Mortality and Me
One night, shortly after moving to Palo Alto, I hopped in my friend’s car. He was 8 years older than me. 8 years wiser, but 8 years more anxious. It took me a while to learn all of this. But anyway, I asked how his night had been and he shrugged his shoulders. We drove for a while in silence. Then I lobbed another small talk question. Again, he gave me little in the way of an answer. Finally, sitting at a stoplight, he let out a scream. I looked straight ahead at the silent world passing our insulated car by. No one noticed. Pedestrians kept walking, a bus passed us on the left with a half dozen strangers staring at their phones or at the sidewalk. It was silent for a few seconds and then he let out another scream.
Minutes later we parked and made our way to the restaurant where we met some friends. He apologized and told me that he blew it with a girl he’d been dating. The one. She had slipped through his hands, and on the eve of his 30th birthday he was single and alone.
I knew what it meant to be alone, but only barely. When I first moved to California I was a 19 year old college dropout, unable to enter bars, and just able to buy cigarettes or a copy of Playboy. At first I thought maybe I’d meet Stanford students. They were my age. And besides, who would really care if I actually attended classes? By the fourth time that a friend asked me how long I’d be “visiting” Stanford though, I realized that was all I’d ever be in that community: a visitor, an “other” despite all our similarities. So I moved on in search of friends.
I had started a company six months prior, but quickly became a devotee to the “Fail fast” philosophy of tech. So I found a job at another startup. It was work, but it was a community so I was happy. I headed into the office early everyday and stuck around late each night, content to be surrounded by other people. Eventually I began to meet friends outside of work who kindly accepted my immaturities. Loneliness gave way to a busy schedule and soon I was a part of a larger whole.
The feeling of being an outsider never quite left me though. Part of the reason was my insecurity about being younger than all of my peers. But I’d be lying if I said it was just in my head. Something about the place made it impossible to fit in, whether it was at Stanford, work, or at a party.
In Silicon Valley there is an air of envy always lingering. My friends and I frequently discussed the latest person to hit it big and make their millions. Every day the valley floor gave rise to a new success. But those successes were few and far between. We could all see the oasis, but the process of its creation was always a mystery. Alchemy of sorts. Occasionally we drank from the oasis, partying in a luxury penthouse, or taking advantage of free booze at an open bar. At those parties the successful few would tell us exactly how they built their empire. We’d all feel like we learned the secret. Then we’d wake up the next morning, go to a coffee shop, and hit the same walls that had always blocked us. It naturally gave way to envy, a sort of eternal lust.

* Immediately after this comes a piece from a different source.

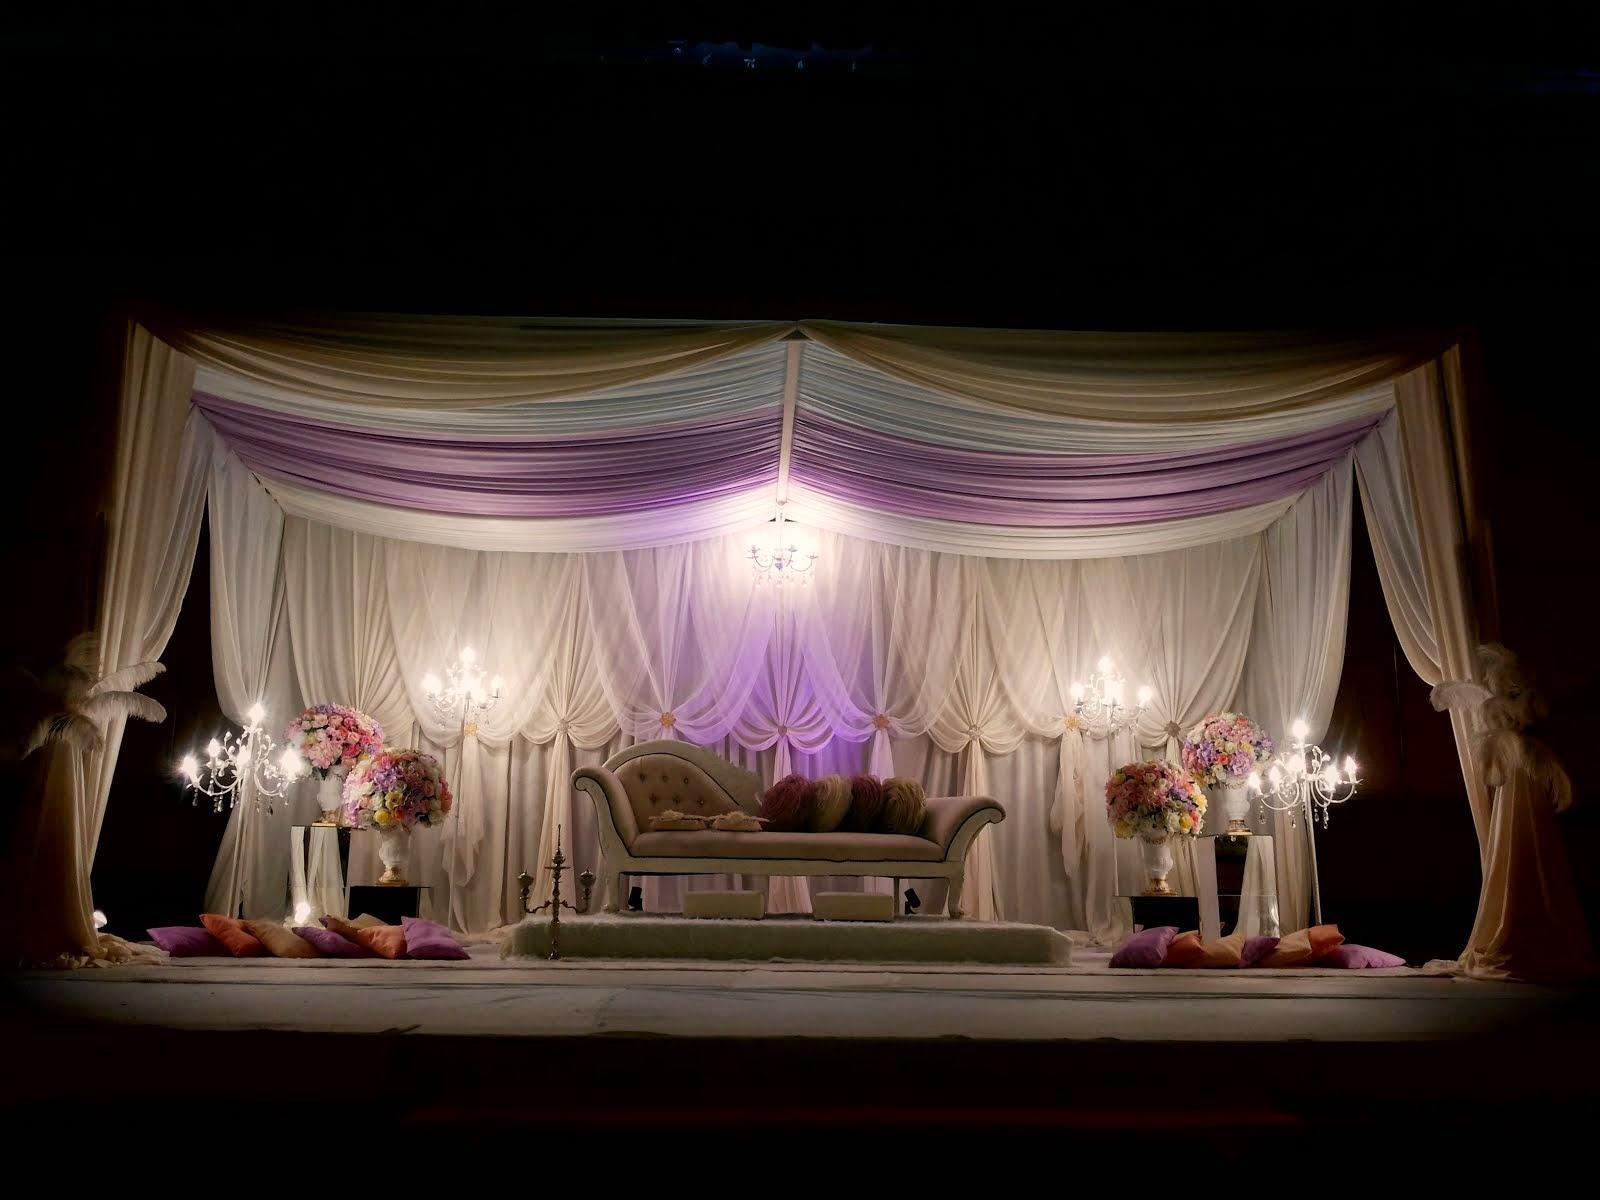 Pelamin Dewan Tirai,6 flower Stand,red carpet,pintu gerbang  RM2000.00
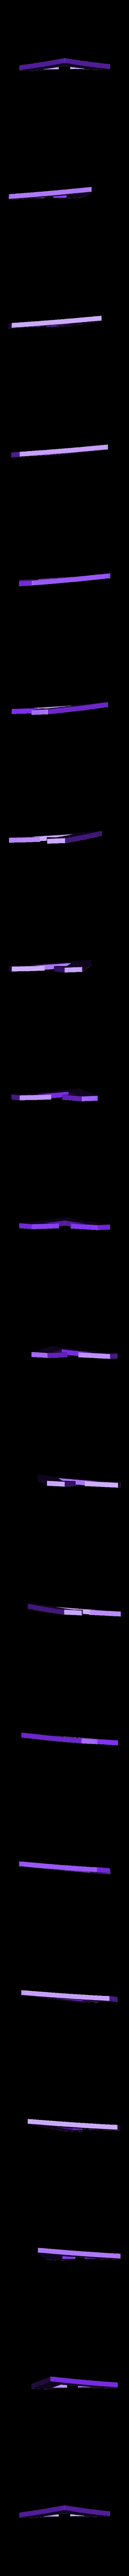 APEX_ENGRAVE_v2.stl Download free STL file Xbox One S Custom Controller Shell: Apex Legend Pathfinder Edition • Design to 3D print, mmjames

I always viewed that lust with perspective. I forced myself to remember that I was young (eventually I was able to ditch the mocktails, but I was still very young). I believed that eventually I would build my oasis in The Valley. After all, time was on my side. For my friends it was different though. And my presence was a constant reminder of that fact. When I once said, “Forest Gump was released the year I was born,” a friend stared at me in horror. She went to the opening premier in high school.
In California, the millionaires were a reminder of failure for everyone around them. But I was something worse: a symbol of their mortality, a reminder that their time to make millions, have a child, and live happily ever after was ticking away.
The screams of frustration were frequent. I watched people with perfectly good lives despair over bigger dreams. In most places a six figure income is the pinnacle of success, especially at the age of 30. In The Valley it’s a mark of failure. Everyone is aware of the fact that the expectations are absurd, void of perspective. Dwell in a place long enough though and perspective itself gets distorted. The Valley’s effect on reality is like a mirage in the desert. Dreams of six become seven, and then eight, and nine, and ten. The skies the limit. But for most of us the floor is the place we know the best. It’s on that valley floor that the screams are the loudest. And I could never shake the idea that my presence was making those screams louder and more common.
Eventually I moved on to a place where dreams of six remain six, where family is more important than apps and widgets, and late nights at the office aren’t admired. My hope is that one less daily reminder of mortality will ease some of the angst. Maybe I’ll be replaced by someone 8 years older than my friends who can be a reminder that things can always be worse.